I threw the net up my side and leaned out into the water, my hips barely keeping contact with the boat.  With a bearhug, I wrapped my arms around the writhing sturgeon and hoisted it along with a couple of gallons of water in my sweatshirt sleeves into the boat.  I sat up to roaring applause and laughter from the boats around us, including those on the judge’s boat nearby.
“You just about did a header,” one judge laughed as we gained control of the fish, took some pictures of Erik with his sturgeon and handed it off to the official scorers for measuring.  Having lost Erik’s biggest walleye ever in the net the previous season, I just kept repeating, “I wasn’t letting this fish get away.”
At the end of day one, we had boated 10 sturgeon, but didn’t put any fish in the top three spots.  Our friend Dusty Nielsen, of Valley City, N.D., was in the payout position until a late-day sturgeon bumped his 56-inch fish into fourth place.
Day two opened up cold and rainy as we settled into the spot which had paid off so handsomely the day before, but the action around us was sporadic until, out of the corner of my eye I saw my brother drop his rod tip and begin reeling.  He drew the rod back and it curled into the tell-tale bend of a big sturgeon, and as he caught up to the fish which was swimming toward the boat he gained perspective on what was swimming below.
“This is a TOURNAMENT fish,” Ben said excitedly as the sturgeon anchored itself to the bottom below the boat.  It then made fifteen minutes of runs, pulling Ben around the boat.  He tip-toed up the starboard side, pirouetted and ran across the transom deck to and up the port side in an effort match the bull rush of the fish that would not rise.  A moment later he would find himself and his extra-heavy rod bowed back over the starboard side once again.
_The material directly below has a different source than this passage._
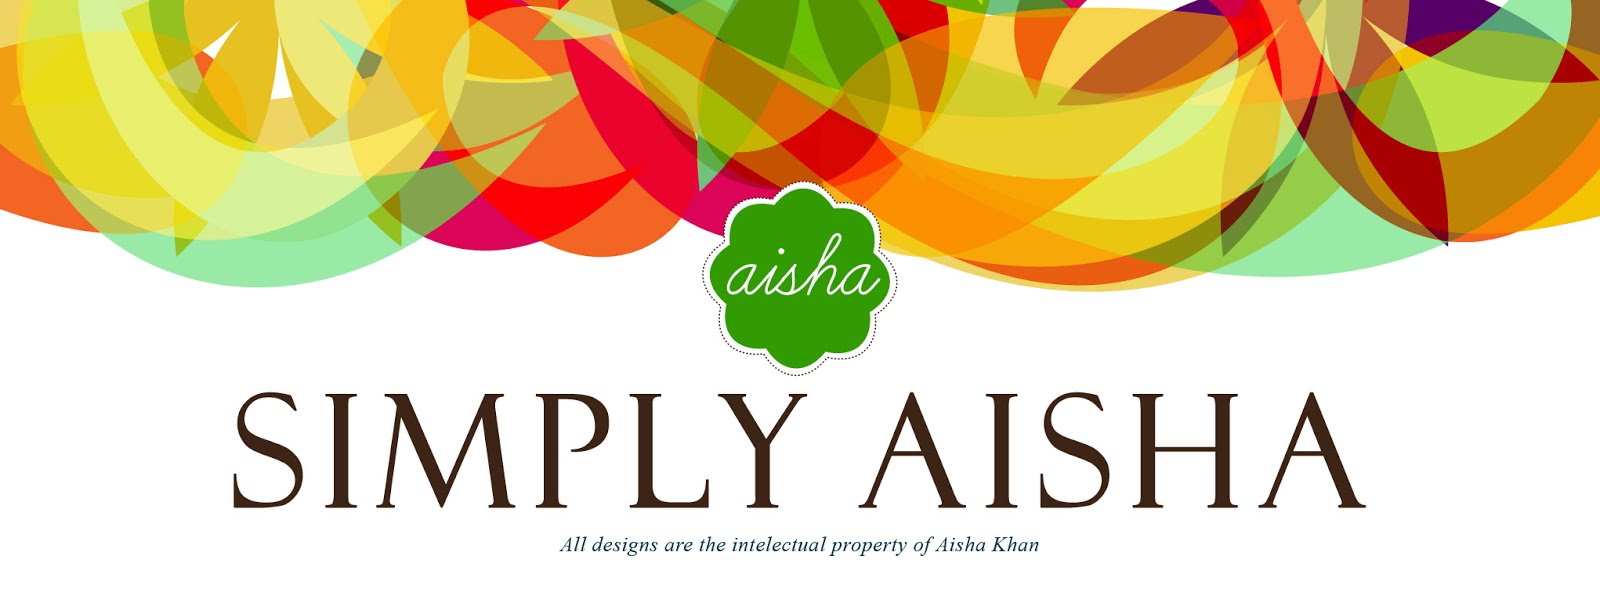 Simply Aisha

Finally, the fish yielded and made its way to the surface and toward the net.  I didn’t give it a second chance as it slid over the metal frame and into the mesh, and we all hollered unintelligibly as I raised the metal loop a foot above the surface as we awaited the judge’s boat.
After the high-fives were slapped, victory whoops shouted and photos were taken, the fish taped out at 57.5 inches with a 23 inch girth with an estimated 45 pounds in weight.  The barbeled denizen of the Rainy River was over 50 years old and bore a badge of honor in the form of a rusted 2/0 hook which my brother removed from its mouth – a symbol of the angler this fish had previously tussled with.  Ben’s beast would place him third for most of the day, until a 59-incher would bump him out of the money, but the memory of that one big fish was worth the price of admission.
While we ended day two with just three fish for our boat, we were happy that none of our stories were about the ones that got away.  Between pre-fishing on Thursday, and the two days of the tournament we landed all 15 fish we hooked into – not too shabby for a trio of rookies.  The weekend wrapped with the tournament banquet where it was revealed that sturgeon of 64 and 65 inches won the first and second day top prizes, respectively, and 5 fish were registered that topped 60 inches in length.  Between our group of six, we had brought in over 20 fish, with three over 50 inches in length.  As we loaded up our boats, packed our tackle and rain gear, and checked out of our cabin, we made sure to put our names down for next year’s event, and another fishing  lake sturgeon adventure…in our outdoors.